Data block:
★ ★ ★ ★ ★

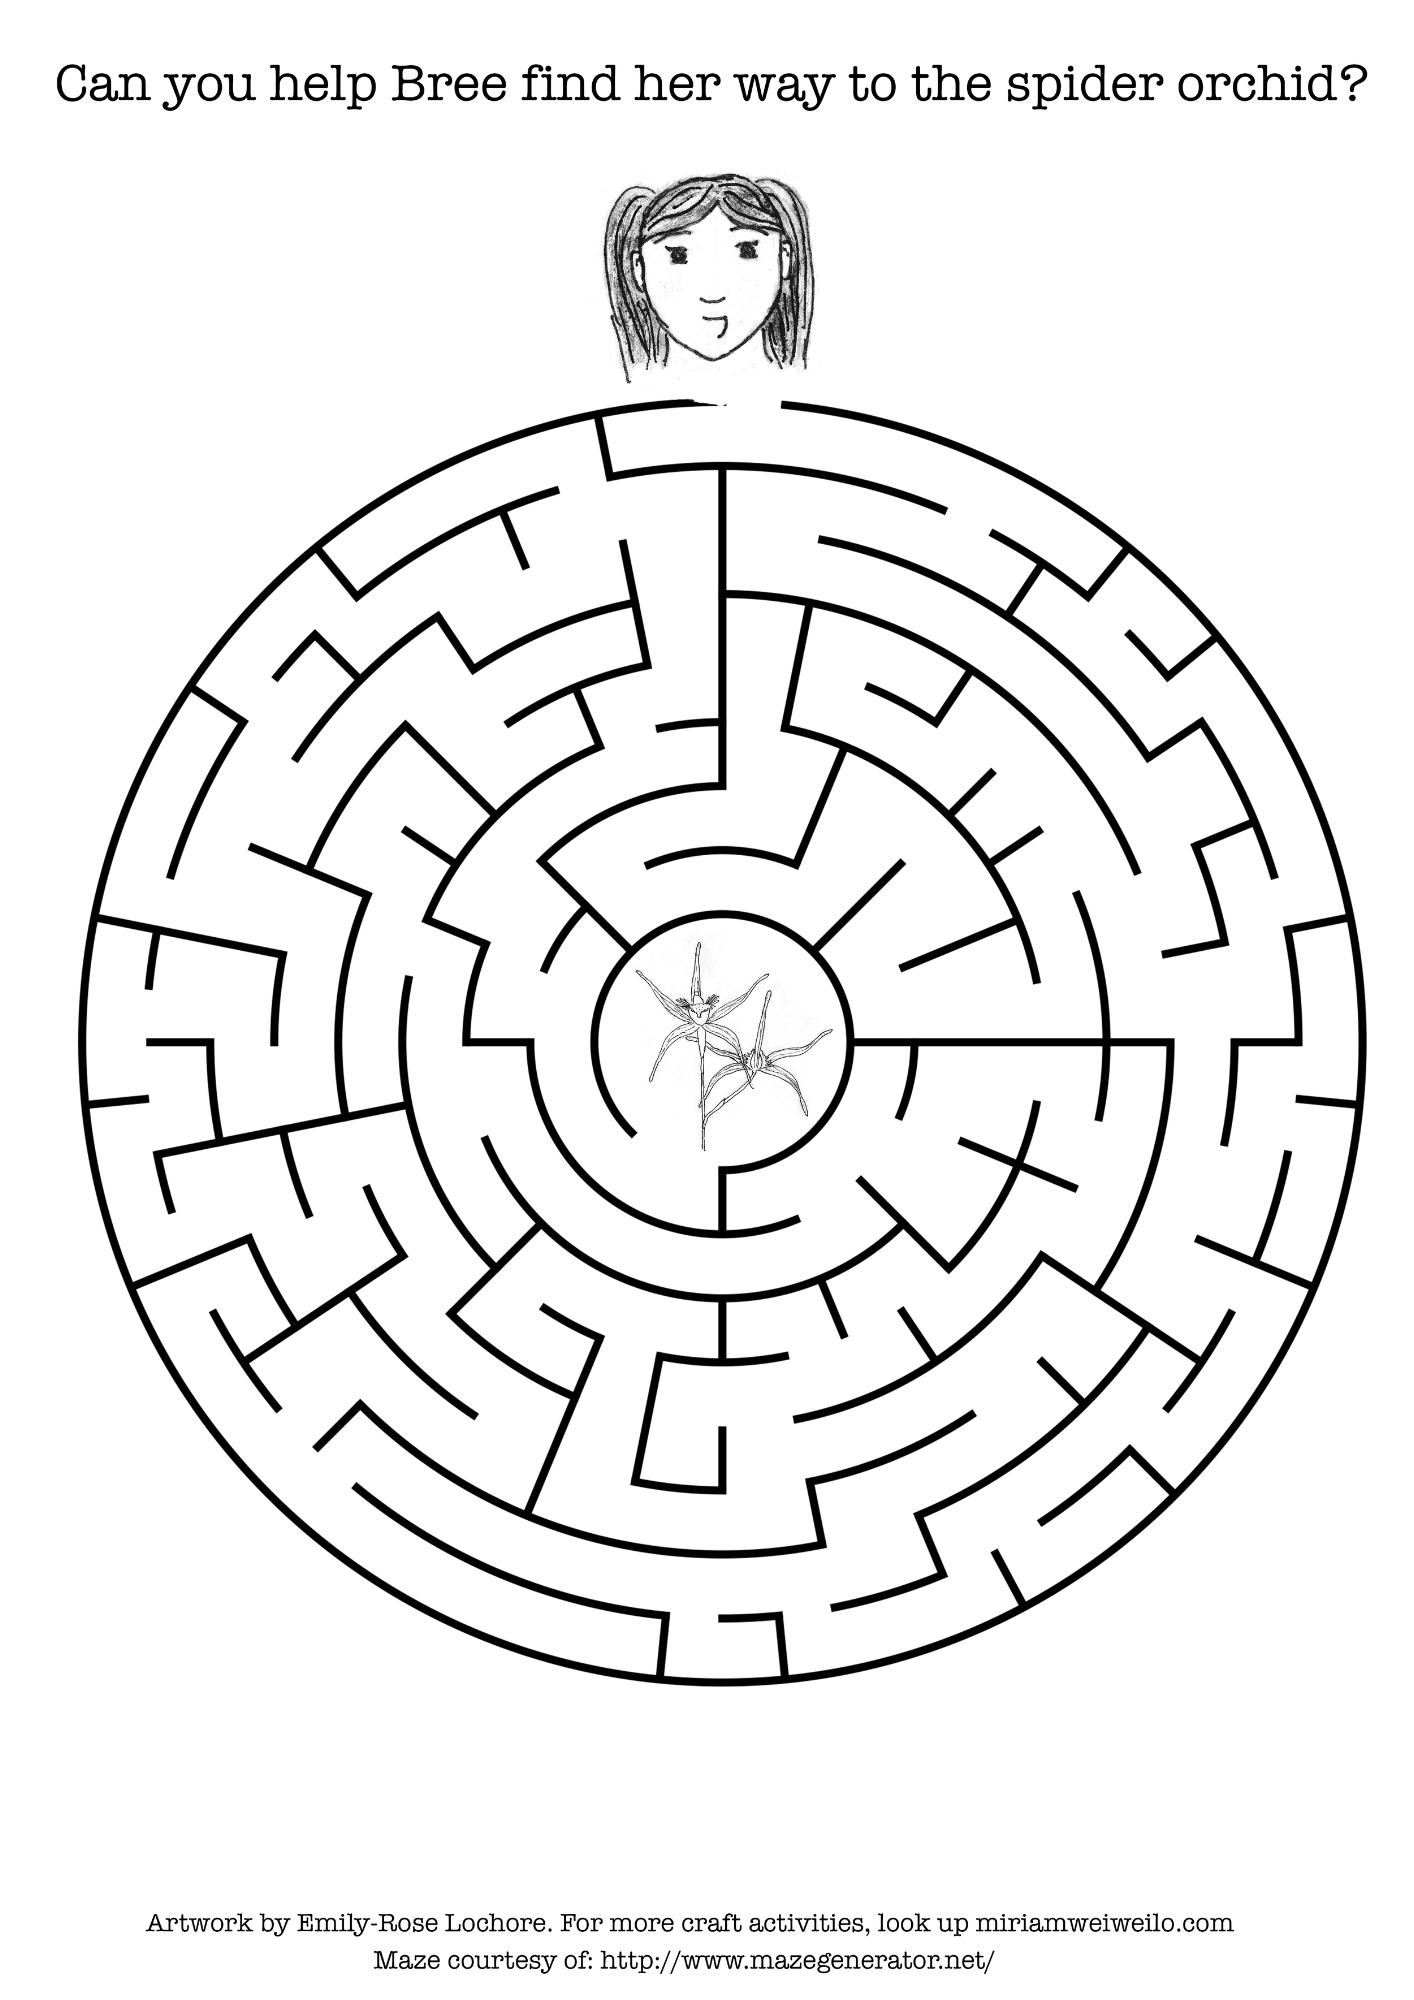 bfa-maze-craft-flattened.png
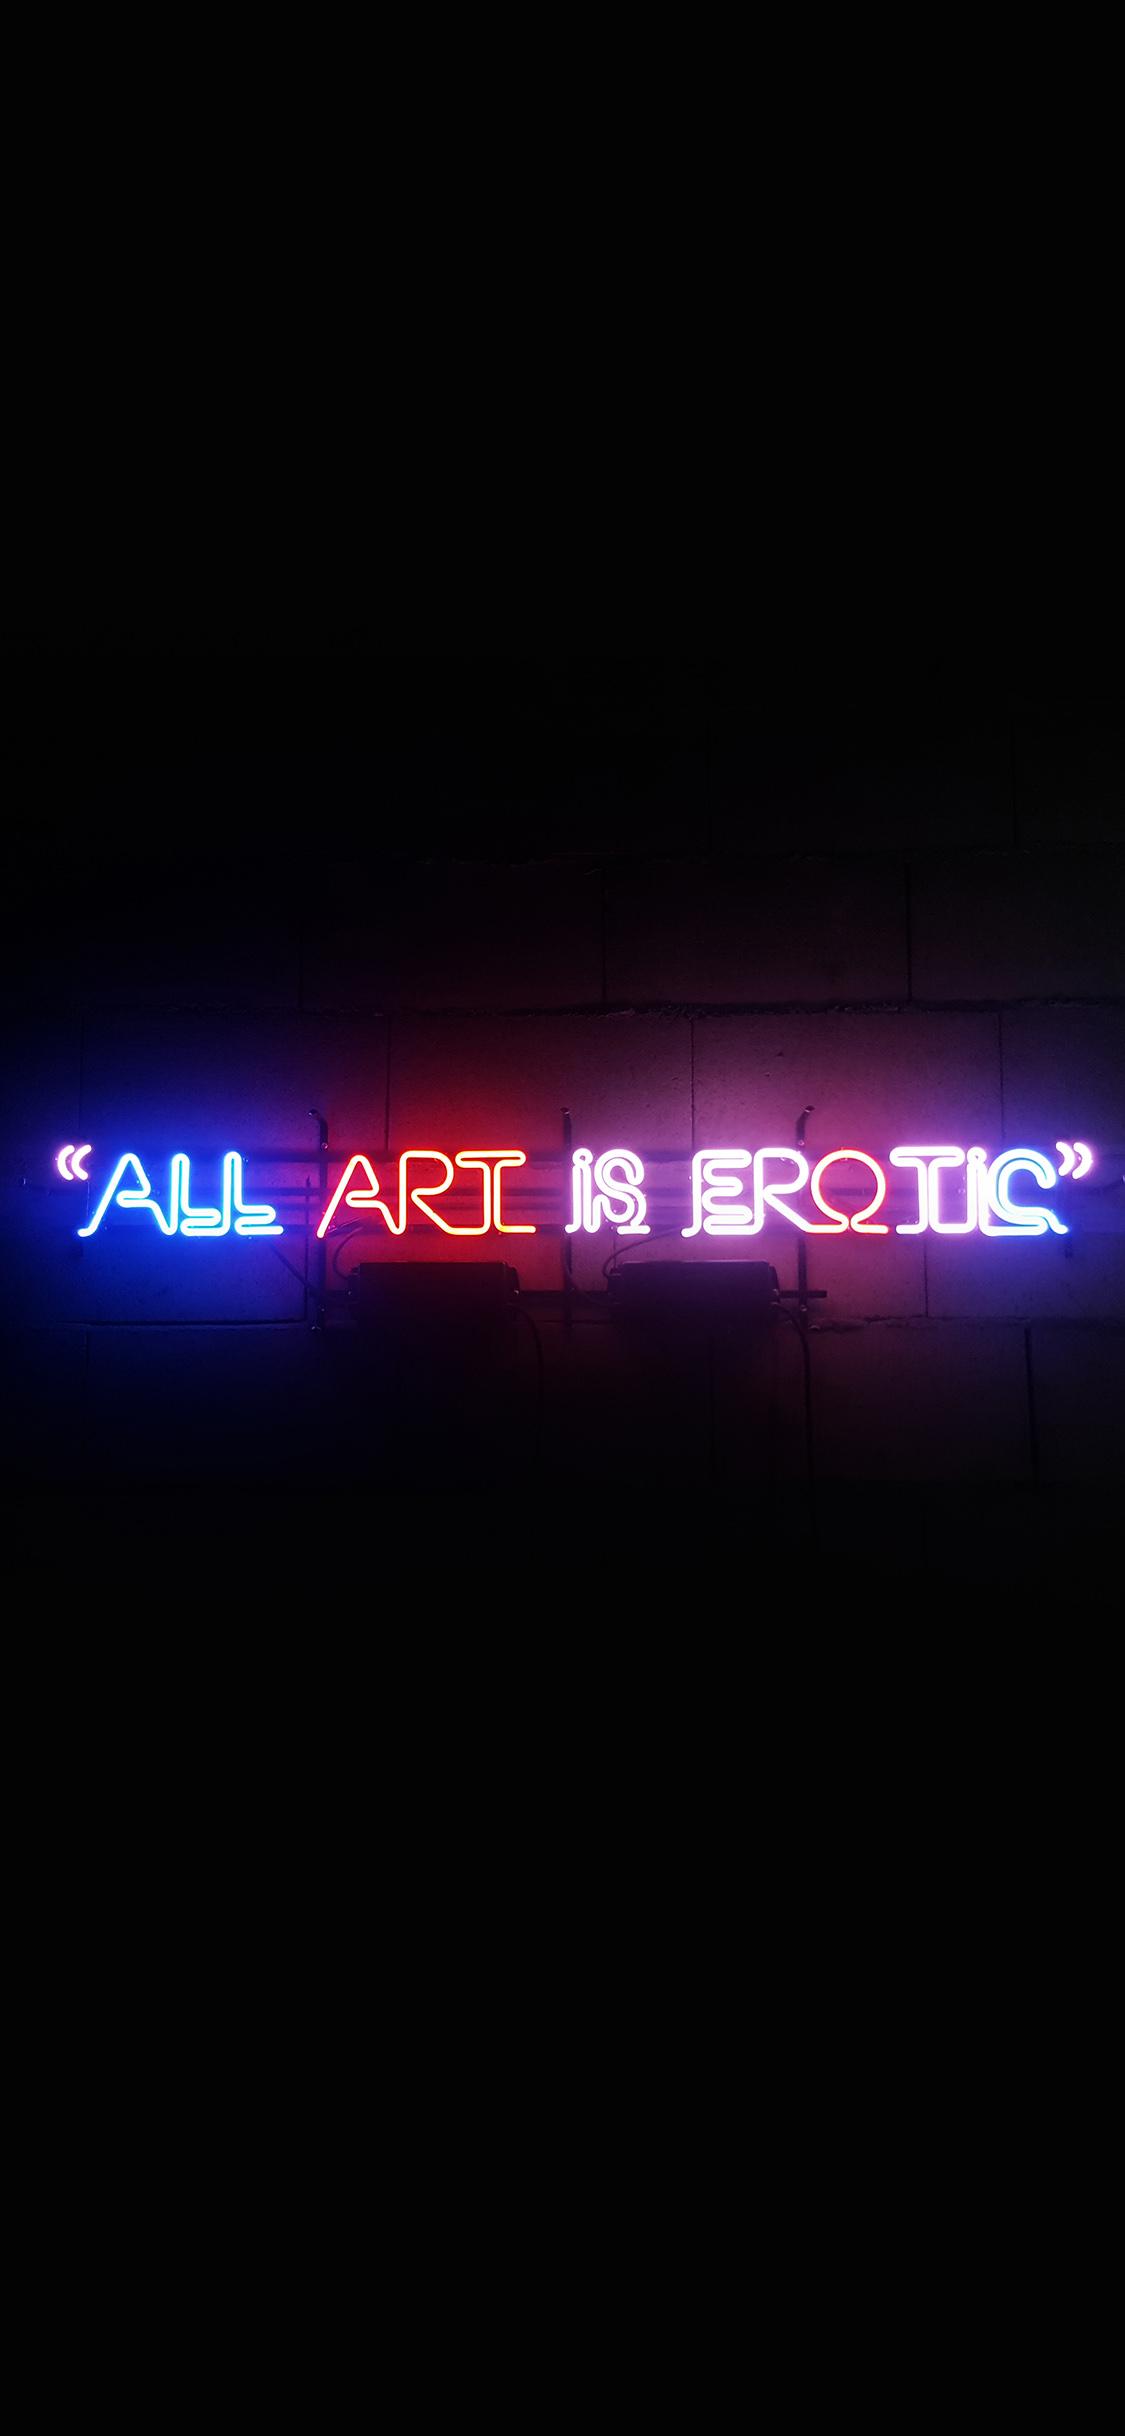 Erotic iphone wallpapers
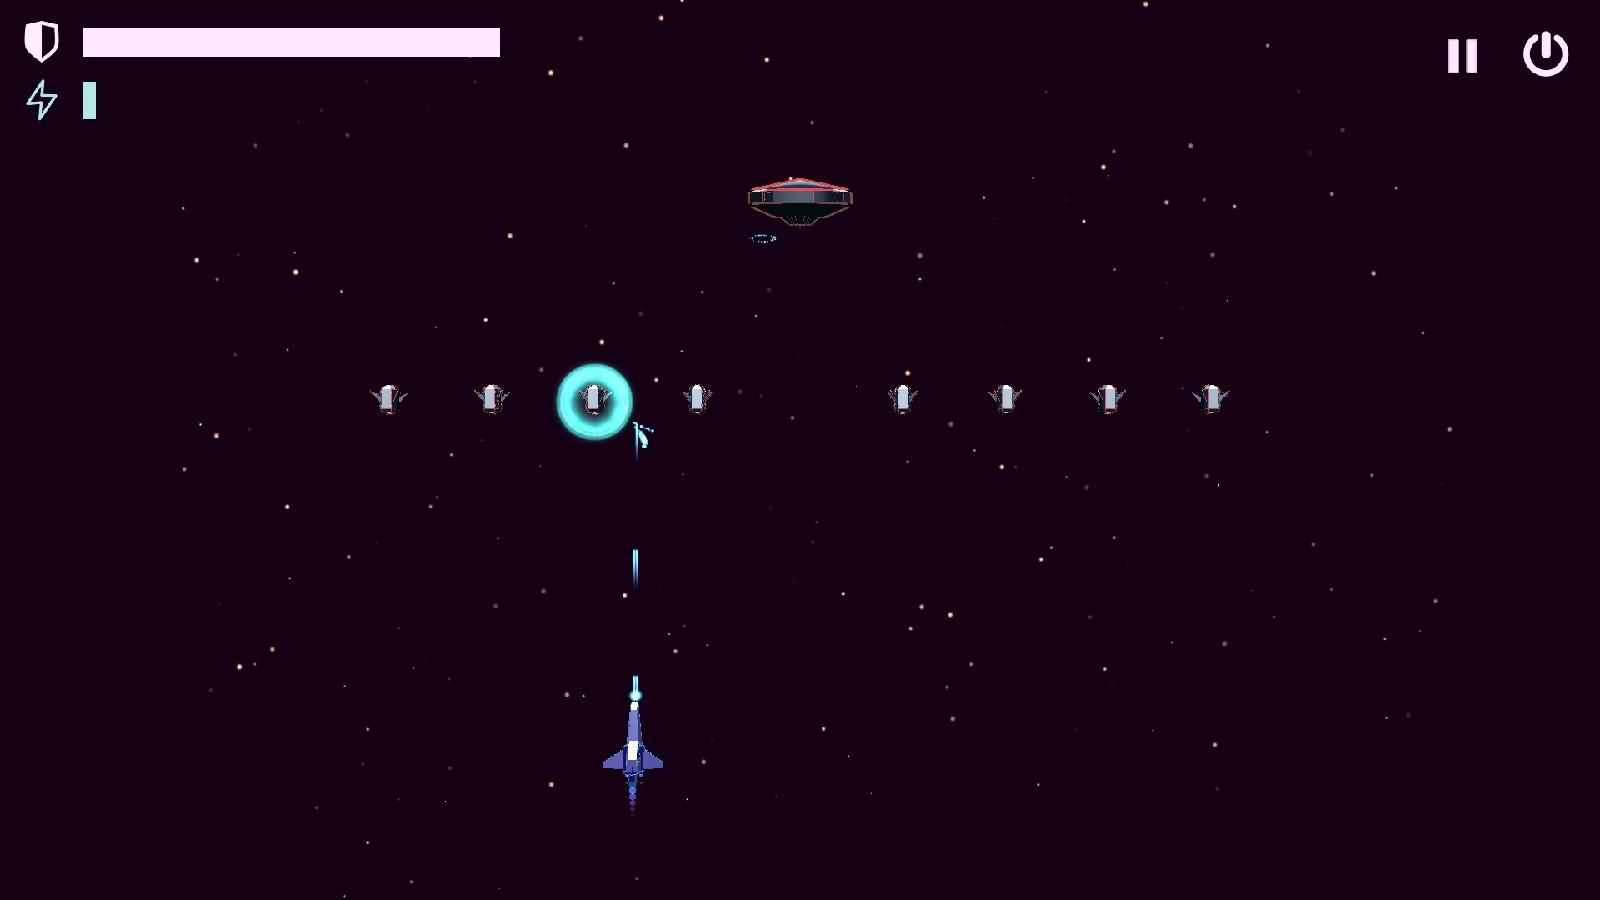 7H_4-mqJSgI | Star Fighter

★ ★ ★ ★ ★

Required work:
The answer is the listing above repeated verbatim, minus its images.

Completed exercise:
 bfa-maze-craft-flattened.png
 Erotic iphone wallpapers
 7H_4-mqJSgI | Star Fighter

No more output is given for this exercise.